Talking Location With author JS Monroe – West Penwith, CORNWALL
How Irish Legends and Landscapes Inspired ‘The Way to Impossible Island’ by Sophie Kirtley
13th July 2021
Tiny TripFiction’s FIRST EVER blog tour! And it’s an adventure around Lathrin Island with Sophie Kirtley and friends! We’re at The Secret Tunnel and we’re thrilled to share this very special blog post by Sophie on the Irish legends and landscapes that inspired The Way to Impossible Island.
Growing up in Ireland, myths and legends were all around me – in the rocks, in the rivers, in the mountains, in the plants, in the animals. Everything had its story to tell. The myths of my homeland are inevitably twisted and twined throughout my writing too, especially in my latest book, The Way to Impossible Island.
The Way to Impossible Island tells the story of twelve-year-old Dara who, inspired by his very own local legends, dreams of rowing out all by himself to wild and rugged Lathrin Island. But Dara was born with a serious heart condition which makes his adventurous dreams feel impossible…until, that is, he finds a mysterious girl hiding in the boat shed. She wears animal skins. She has a real live pet wolf. Could Mothgirl really be from the Stone Age? Dara and Mothgirl set out on a wild, windswept sea-journey to Lathrin Island where the tales Dara has always known take on a reality and an urgent importance beyond what either of them could ever have imagined.
Lathrin Island, the fictional setting for my book, is very much based on real Rathlin Island off the north coast of Ireland. It’s a wonderfully rugged place which feels right on the edge of the world – you experience the forces of the nature so keenly here; the wind is windier; the waves are louder and the animals who live here own the place so much more than us humans ever could. Even though I made up the legends Dara knows about his Lathrin Island, they do all spring from Rathlin Island itself and from the research I did about this incredible place: some came from the real island’s own folklore, like the stories of a mysterious banshee who haunts the place, and others were based on historical events which fascinated me, like the Rathlin’s connections with smuggling and piracy.
One of the most important myths I created in the book is the one which fuels Dara’s desire to go to Lathrin Island in the first place; the Legend of the Golden Hare. Dara believes in this story so he believes that glimpsing the Golden Hare will lead to “good luck through all your waking days” and he therefore longs to see this extraordinary creature with his own two eyes. In real life, the Island is home to a strong population of Irish hares and amongst them lives the rare Rathlin golden hare, which, thanks to a genetic quirk, has pale fur and blue eyes.
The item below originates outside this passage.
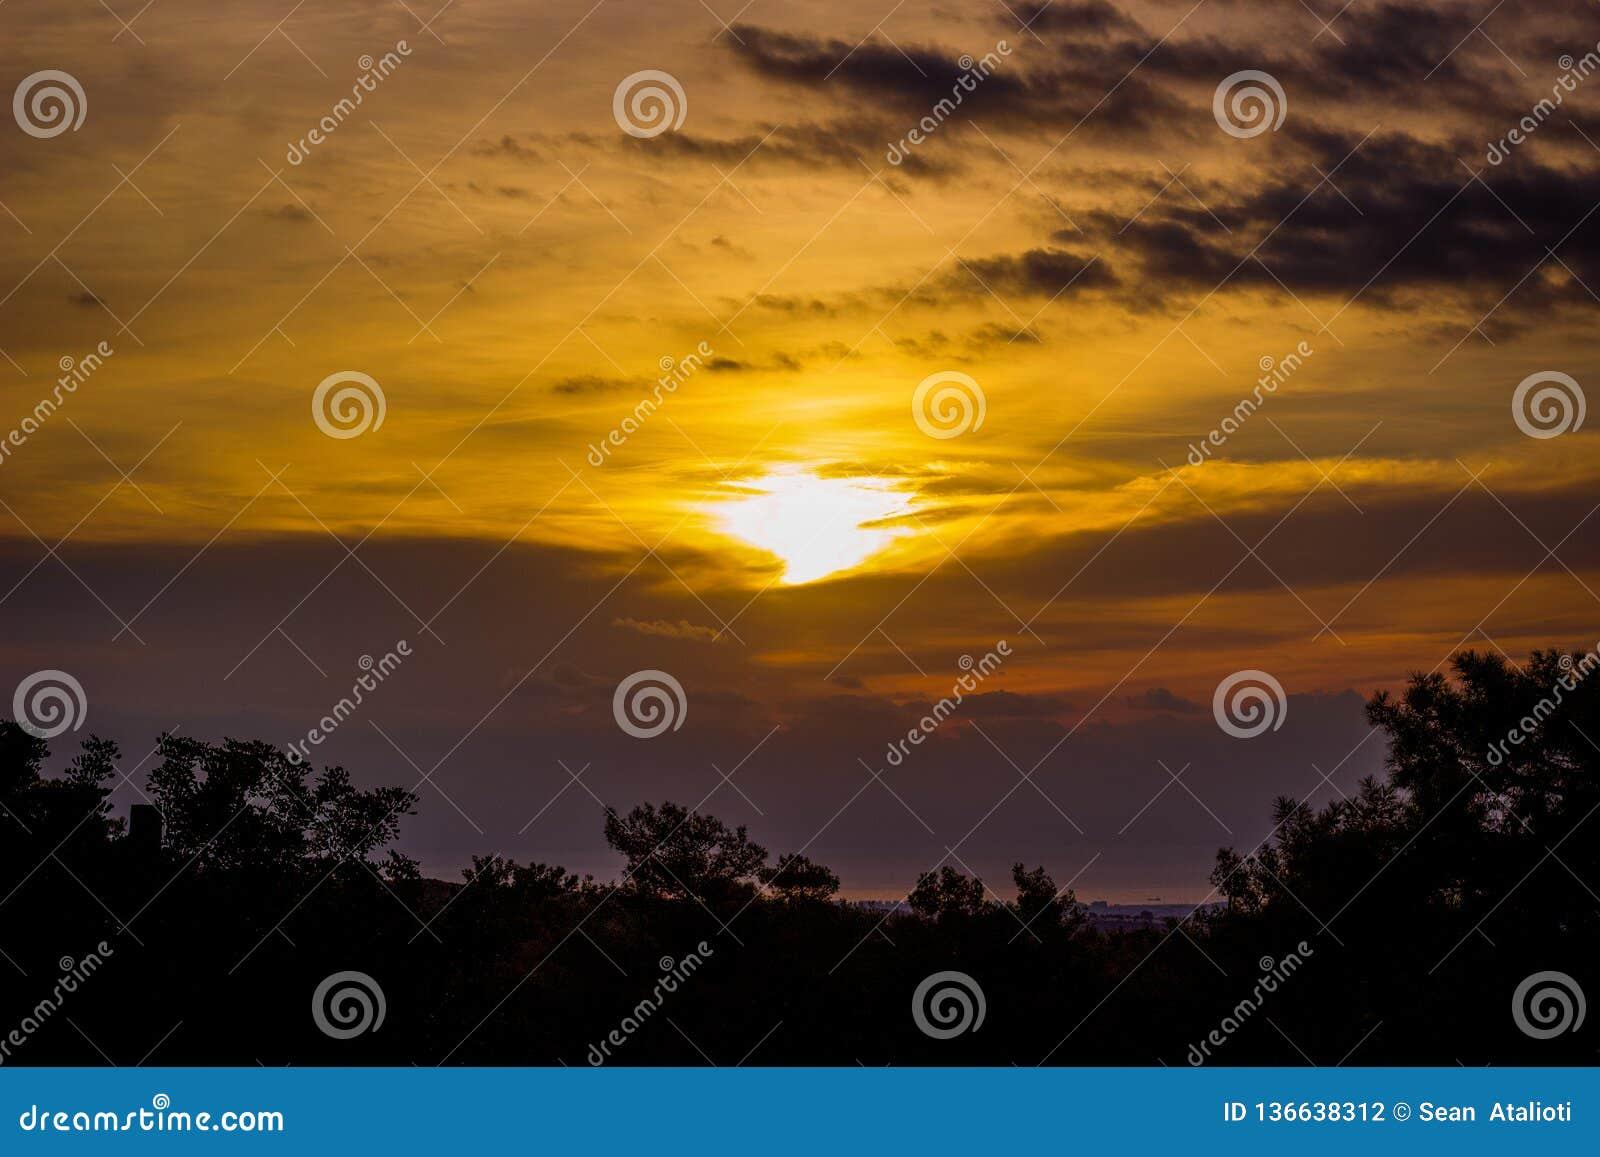 Sun Rise over the Mediterrean Sea

To me, the legend that Dara believes in feels very plausible; there is something so wonderful and otherworldly about these creatures that you can just imagine legends and stories springing from their unusualness and you really would feel so lucky to see an actual golden hare. (My dad caught a glimpse of one once, but I never have!)
Really, I think that’s where stories often sprout from – odd or amazing things in the natural world which make us gasp in wonder and then curiously ask ourselves Why? Think of the famous Giant’s Causeway, just along the coast from Rathlin, with its mysterious hexagonal basalt columns. I can utterly understand how a natural feature this extraordinary, produced an epic legend of feuding giants ripping up great chunks of land and hurling them into the sea. To be honest, it still seems a perfectly reasonable explanation to me!
I spent my childhood playing on the beaches and rocks of this wild coastline and splashing in the raw Atlantic waves. This place, its wonders and its stories are all deep in my bones…and deep in my writing too. The myths and landscapes of Rathlin have seeped into The Way to Impossible Island and I hope that readers, both young and not-so-young, will find real joy in exploring this extraordinary place through the wide-open eyes of Dara and Mothgirl. Fingers crossed, you might even spot a golden hare on your travels!
Sophie Kirtley, author of The Way to Impossible Island
Links and References:
BBC Two – Nature’s Calendar, Series 1, Spring: Islands, Golden hares
Giant’s Causeway | National Trust
Sophie Kirtley on the Rathlin Ferry – Andrew Kirtley
Cows on Rathlin & Rathlin JL & Sophie Kirtley age seven and her little sister on the winter beach – James Logan
Sophie grew up in Northern Ireland, where she spent her childhood climbing on hay bales, rolling down sand dunes and leaping the raw Atlantic waves. Nowadays she lives in Wiltshire with her husband, three children and their mini-menagerie of pets and wild things. Sophie has always loved poems and stories: she taught English in secondary schools for many years and has worked in a theatre, a bookshop and a tiny pub where folk tell fairytales by candlelight. Sophie is a prize-winning poet and children’s author; her first book, The Wild Way Home, was shortlisted for the Joan Aiken Future Classics Prize.